Ingredients You'll Need

Ingredients

Before we talk swaps, let’s talk sourcing. The difference between ho-hum and heavenly is often the freshness of your spices and the sweetness of your apple. Choose firm, aromatic fruit—Honeycrisp, Pink Lady, or Braeburn—whose skins snap when you bite. For chia, look for seeds that are mottled black and white, not dull gray; gray equals age and rancidity. Cinnamon labeled “Ceylon” (true cinnamon) gives a brighter, citrusy warmth than the stronger Cassia, but either works. Finally, use pure maple syrup, not pancake syrup—its nuanced caramel notes are what make this pudding taste like dessert.

Main Cast
  • Chia Seeds (⅓ cup / 55 g): The tiny but mighty thickener. Buy in bulk and store in the freezer for up to a year.
  • Unsweetened Almond Milk (1½ cups / 360 ml): Light and neutral. Oat milk yields a creamier finish; canned coconut milk turns it into holiday-level richness.
  • Pure Maple Syrup (3 Tbsp): Adds depth without cloying. Date syrup or honey work, but honey will subtly firm the set.
  • Vanilla Extract (1 tsp): Splurge on the real stuff—imitation leaves a tinny aftertaste when cold.
  • Ground Ceylon Cinnamon (¾ tsp): Divided; part blooms with the apples, the rest infuses the pudding.
  • Pinch of Sea Salt: Balances sweetness and amplifies cinnamon.
  • Medium Apples (2): Dice one for stirring in, sauté the other for a glossy topping.
  • Lemon Juice (1 tsp): Keeps the raw apple bright; balances sautéed sweetness.
  • Optional: ½ tsp Maca Powder: Butterscotch note plus an adaptogenic boost.
For the Sautéed Cinnamon Apple Cap
  • Coconut Oil or Butter (1 tsp): Just enough to keep things glossy.
  • Coconut Sugar (2 tsp): Caramelizes faster than maple; brown sugar is fine.
  • Extra Pinch Cinnamon & Nutmeg: Nutmeg whispers “eggnog” without announcing itself.
Optional Garnish Parade
Toasted pecans, dried cranberries, pomegranate arils, a dollop of skyr, or a drizzle of almond butter all play nicely.

How to Make Cinnamon Apple Chia Pudding for Sweet Winter Wake-Ups

1
Whisk the Base

In a medium bowl combine almond milk, maple syrup, vanilla, ½ tsp cinnamon, maca (if using), and salt.
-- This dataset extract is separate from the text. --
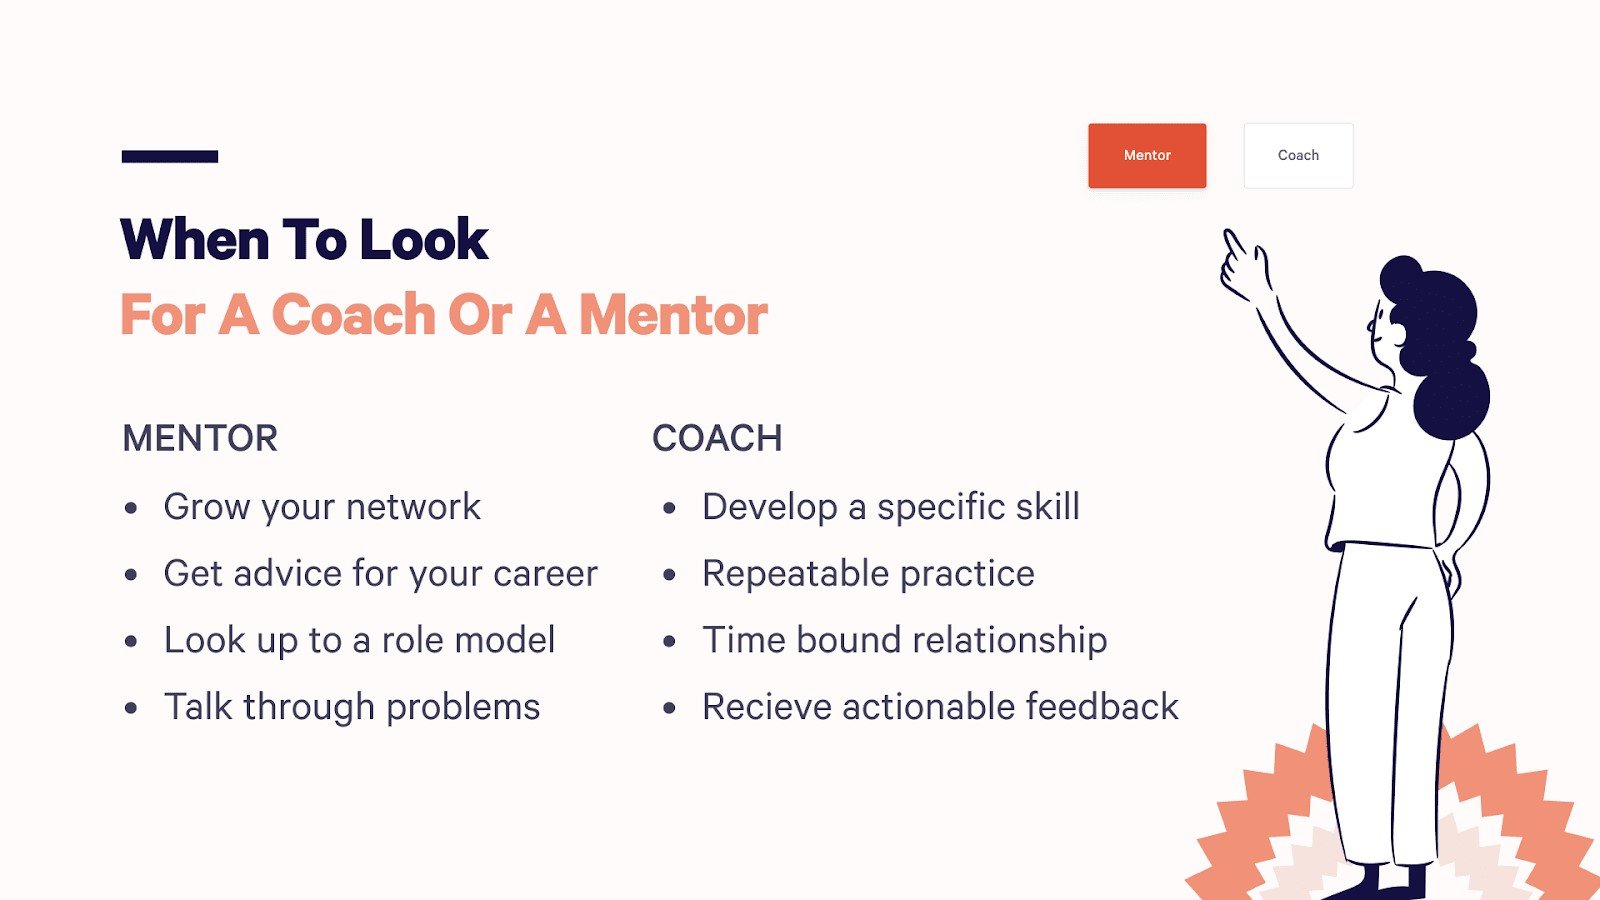 Mentor vs Coach

Whisk for a full 30 seconds; you want the cinnamon fully hydrated so you don’t hit a dusty pocket in jar #3.

2
Stir in Chia & Raw Apple

Sprinkle chia seeds evenly across the surface, then whisk continuously for 45 seconds. This prevents clumping—your future self will thank you. Fold in one diced apple and the lemon juice. Mixture will look soupy; that’s perfect.

3
Portion & Chill

Ladle into three 8-oz jars or glasses. Tap each on the counter to pop hidden air bubbles. Cover and refrigerate at least 4 hours, ideally overnight. The seeds will plump and the pudding will thicken to a loose yogurt consistency.

4
Sauté the Topper

When ready to serve, melt coconut oil in a small skillet over medium. Add remaining diced apple, coconut sugar, ¼ tsp cinnamon, and nutmeg. Sauté 3–4 min until edges caramelize and the kitchen smells like cider donuts. Deglaze with a teaspoon of water for steamy softness.

5
Assemble & Serve

Stir each pudding—if it feels too thick, loosen with a splash of milk. Spoon warm apples over the top, letting the juices marble in. Finish with your chosen garnish and serve immediately, or cap and take to-go.

Expert Tips

Temperature Matters

Cold almond milk slows hydration; room-temp milk shaves 30 min off set time.

Clump Patrol

If you spot white specks after chilling, whisk vigorously; seeds release more gel and smooth things out.

Color Keep

Toss raw apple in vitamin-C powder or citrus to stay snowy for 48 hours.

Winter Spice Swap

Sub ½ tsp ground cardamom + ¼ tsp cloves for Scandinavian vibes.

Sweeter Tooth?

Add 1 mashed ripe banana to the base for natural sweetness plus potassium.

Smooth vs. Textured

Blend the finished pudding 10 sec for a silky, tapioca-free version kids love.

Variations to Try

  • Pear Ginger: Swap apples for ripe Bartlett pears and add ½ tsp grated fresh ginger to the sauté.
  • Chocolate Orange: Whisk 1 Tbsp cocoa powder and ½ tsp orange zest into the base; top with candied orange peel.
  • Pumpkin Spice: Replace half the milk with canned pumpkin; increase cinnamon to 1 tsp and add ¼ tsp each nutmeg & ginger.
  • Berry Pomegranate: Skip apples; fold ½ cup frozen blueberries into the pudding and top with pomegranate molasses drizzle.
  • Coffee Cardamom: Sub cold brew for ½ cup of the milk; add ¼ tsp ground cardamom and top with espresso-soaked raisins.

Storage Tips

Chia pudding keeps 5 days refrigerated, tightly covered. Store sautéed apples separately for up to 3 days and reheat briefly before serving. Both components freeze surprisingly well: freeze pudding in silicone muffin cups, then transfer to a bag for up to 2 months; thaw overnight in the fridge. Apples can be frozen in a single layer and warmed in a skillet. If meal-prepping for grab-and-go breakfasts, layer apples on the bottom of the jar, top with pudding; invert onto a bowl when ready to eat for a built-in warm-cold contrast.

Frequently Asked Questions

Flax will thicken but yields a grainier, slightly slimy texture. If you must, use ¼ cup ground flax and reduce milk by ¼ cup; consume within 24 hours.

Most often the liquid ratio is off because your measuring cup was tilted. Stir in another 1 Tbsp chia per cup of liquid, wait 30 min, and chill again.

Absolutely. Cut maple syrup to 2 Tbsp and skip the sautéed sugar; the natural fruit sugars are plenty for little palates.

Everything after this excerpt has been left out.